Background information
- Born: May 19, 1992 (age 34)
- Genres: Indie rock; electro-soul; folk; art rock; baroque pop;
- Occupations: Singer, songwriter, musician, actor
- Instruments: Vocals, guitar, piano
- Labels: Terrible; Jagjaguwar; Tuntum;
- Website: www.mosessumney.com

= Moses Sumney =

American singer-songwriter (born 1992)

Moses Sumney (born May 19, 1992) is an American singer-songwriter and actor. His self-recorded EP, Mid-City Island, was released in 2014. He released another five-song EP in 2016, titled Lamentations. His first full-length album, Aromanticism, was released in September 2017. His second studio album, Græ, was released in 2020. Sumney has performed as an opening act for James Blake, Solange Knowles, and Sufjan Stevens.
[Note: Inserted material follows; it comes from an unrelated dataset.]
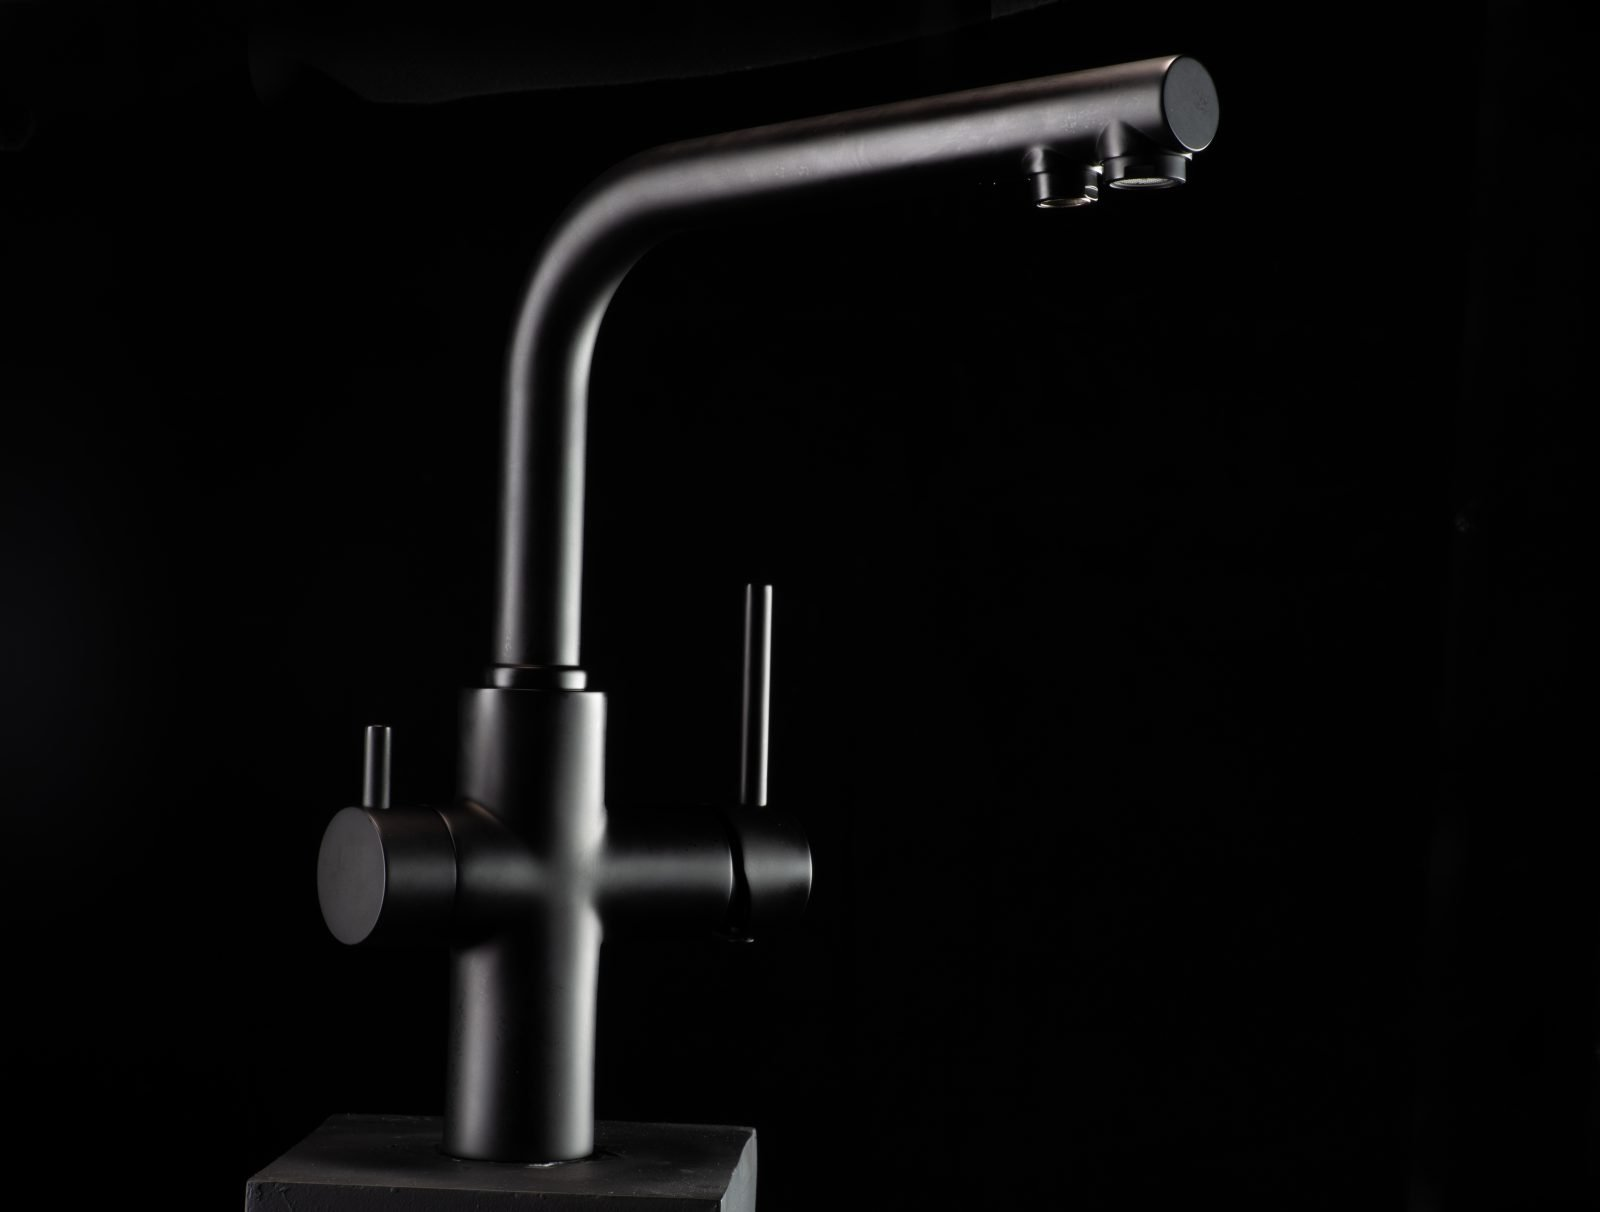 BP02 - Akwadott Black Dual function kitchen tap

In 2023, he was featured on The Weeknd's HBO TV series The Idol.

==Early life==
Born in California, Sumney was raised by pastor parents, and moved with his family back to Ghana at the age of 10. He described his childhood as "Americanized" by this age and had difficulty adjusting to the culture of Ghana, especially the rural nature of his new environment. There he grew up on a goat farm in Accra and commuted by public bus to school. His family returned to Southern California when Sumney was 16, settling in Riverside.

He did not learn to play any instruments until he was older, writing a cappella music for years instead. Sumney did not perform his musical compositions publicly until he was 20.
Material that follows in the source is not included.